El avión no contestó.
El gallinazo comprobó lo que había presentido desde el primer momento;
ese animal largo y panzudo con múltiples
ojos, empañados, diez veces más largo que la ballena que se tragó a Jonás,
era pretencioso, soberbio, definitivamente insoportable.

Sin embargo, creyendo en los resultados milagrosos de la tenacidad, envió


un nuevo mensaje, más conciso, en donde combinaba un insípido saludo con
una crítica velada pero traducible.

El gallinazo esperó.

El avión no contestó.

El gallinazo lo repitió clara y pausadamente para tener la certidumbre de


que en él no radicaba obstáculo para empezar la conversación.

El avión no contestó.

Ya en los límites de la rabia, sintiéndose olímpicamente despreciado por


un animal extraño de alas estáticas, el gallinazo desistió de establecer la
comunicación, y se dijo que en el mundo aéreo cualquier garza paticoja
creyéndose reina absoluta de los espacios se da el lujo de rechazar la amistad y
el compañerismo, lo cual, además de injusto, es torpe y absurdo.

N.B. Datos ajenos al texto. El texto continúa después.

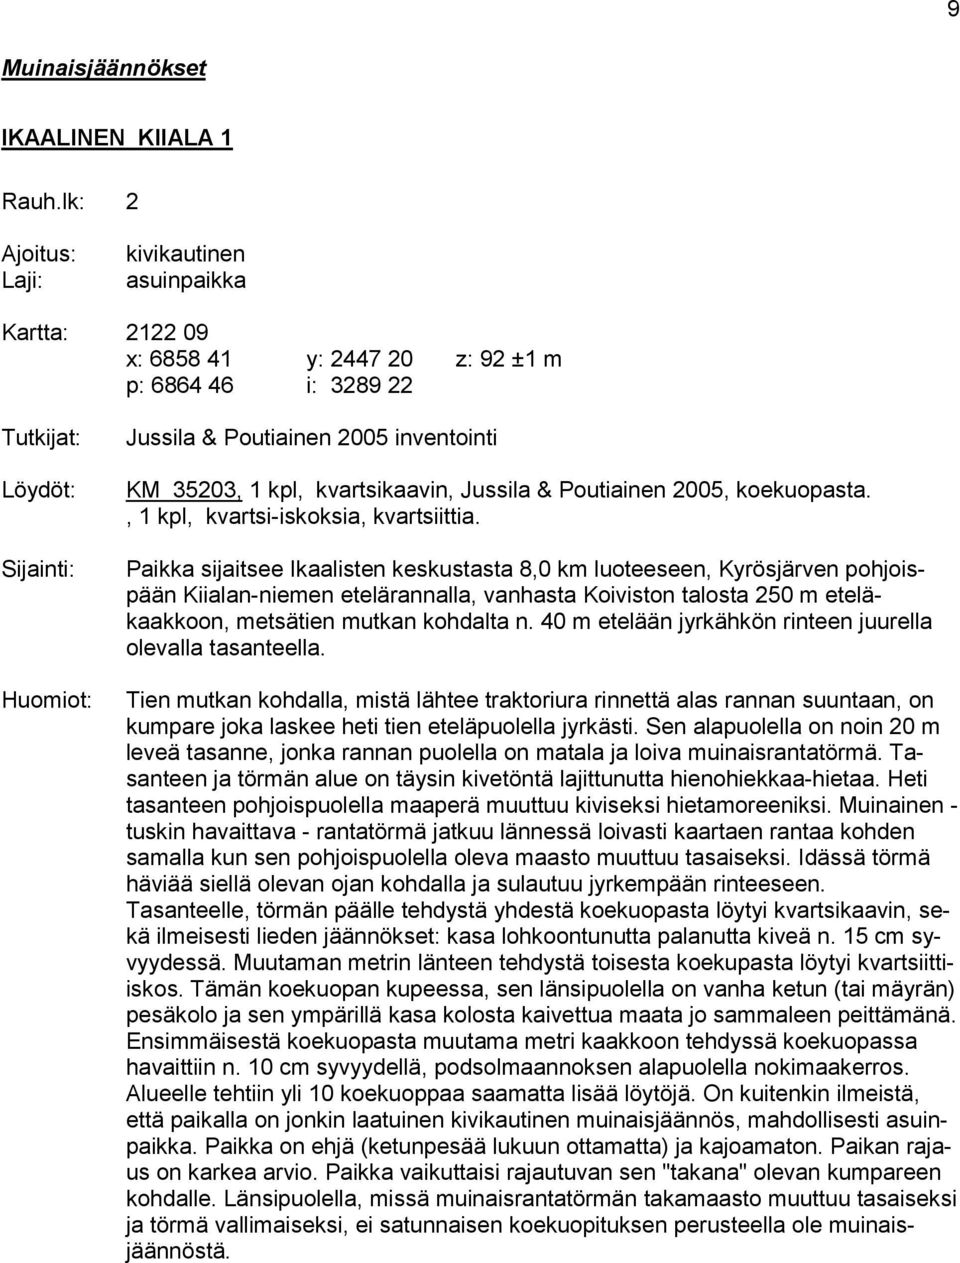 35203, 1 kpl, kvartsikaavin, Jussila & Poutiainen 2005, koekuopasta., 1 kpl, kvartsi-iskoksia, kvartsiittia.
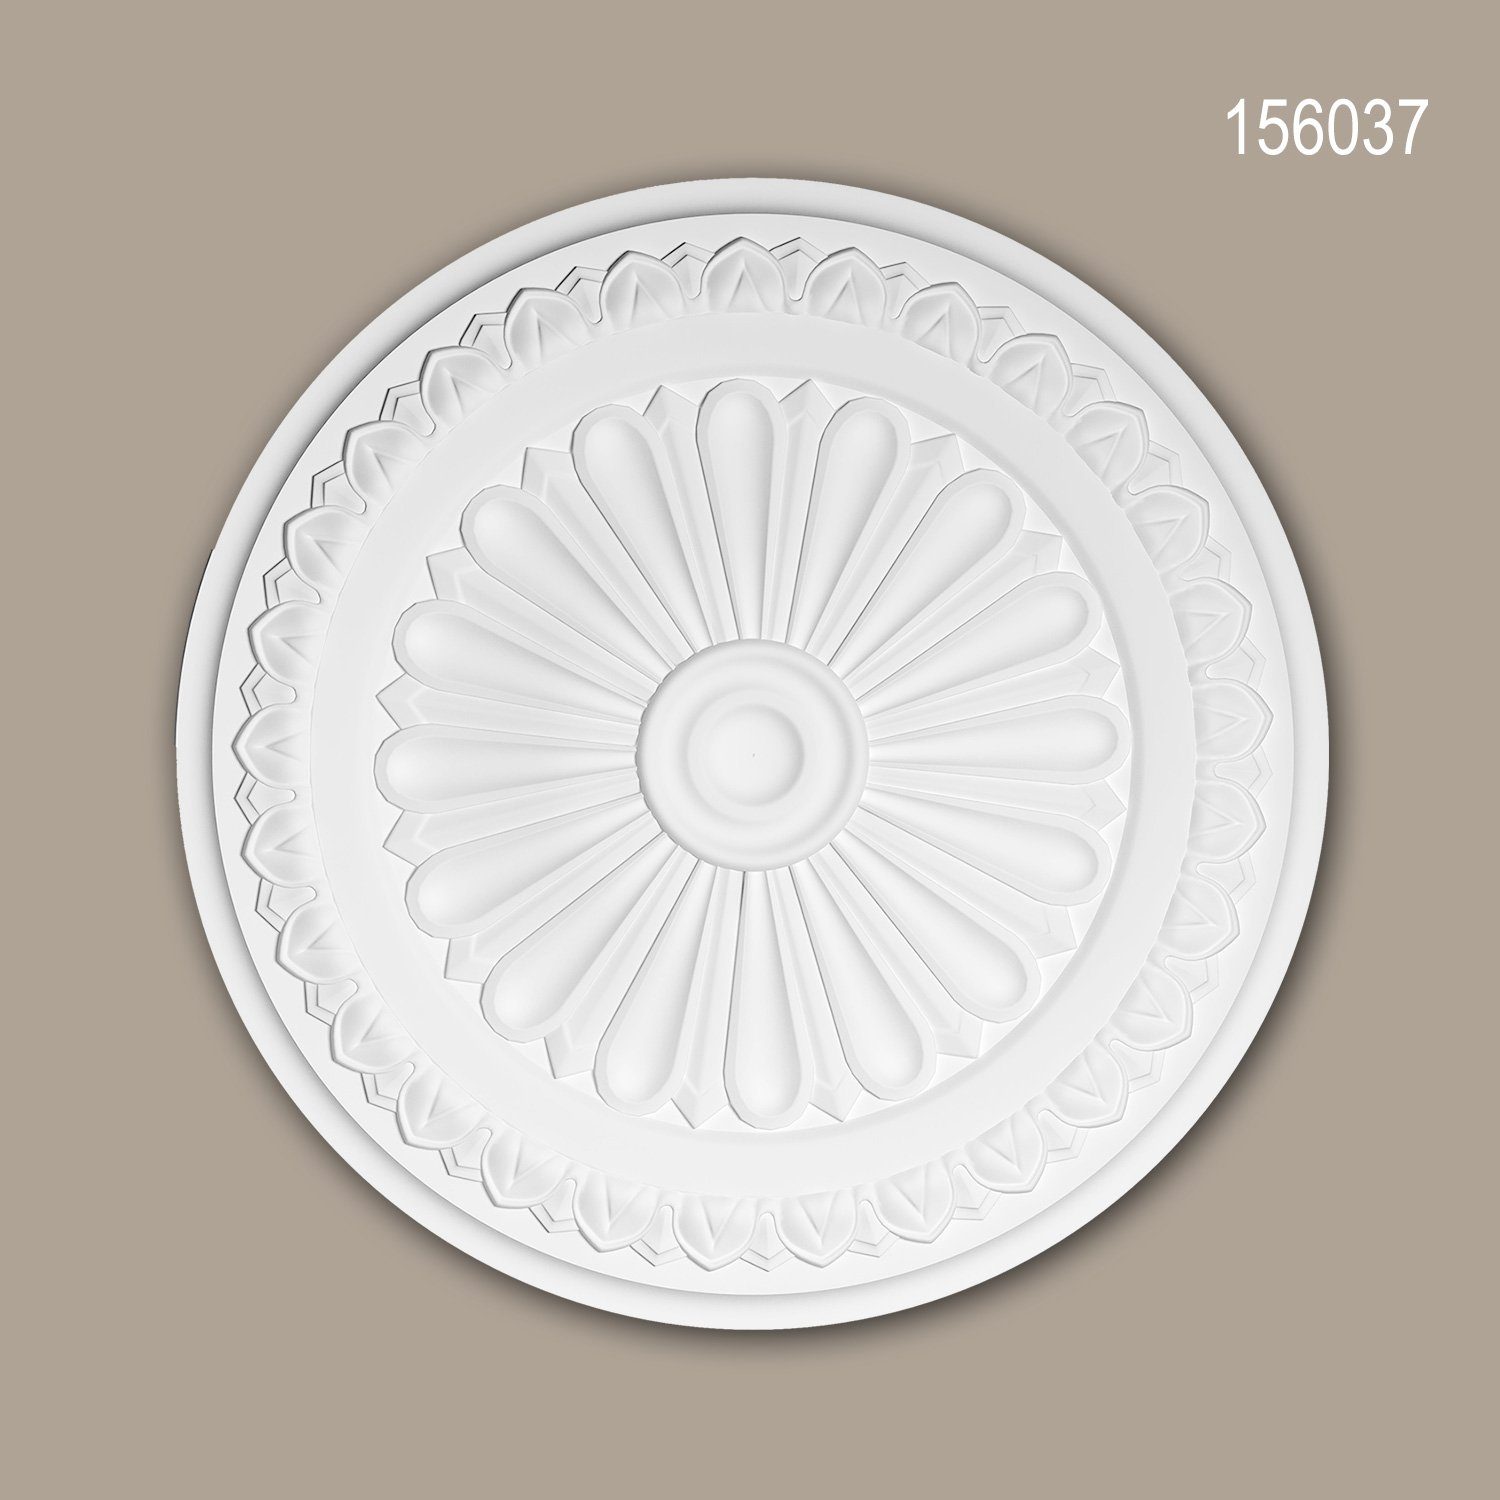 Stil: Stuckrosette, Durchmesser 156037 Decken-Rosette cm), Deckenrosette, Zierelement, weiß, (Rosette, 33 1 Profhome Medallion, vorgrundiert, Neo-Klassizismus Deckenelement, St.,

El gallinazo serenó su marcha para contemplar al soberbio. El avión, mudo


y desentendido, prosiguió su camino.

En ese instante el gallinazo recordó que, muchos años atrás, le había oído
a su abuelo decir que los gallinazos aunque comieran carroñas también tenían
dignidad. Ese pensamiento lo reconfortó y se dijo que olvidaría al pedante
animal de costillar reluciente. Optó por continuar su vuelo ya con el crepúsculo
incendiándole la flexibilidad de las alas, alejándose cada vez más del tenebroso
Mar de las Tormentas.
No había superado la primera concentración de nuevos bríos cuando un
ruido violento que le hizo crepitar los huesos y que le pareció proveniente de la
garganta oscura de un animal gigante y milenario, invadió el espacio como si
fuera un aire maldito. El animal frenó su marcha y se volteó para mirar. En el
éter no había nada. Observó hacia abajo y allí encontró la respuesta: humo,
candela, explosiones, lamentos débiles y lejanos.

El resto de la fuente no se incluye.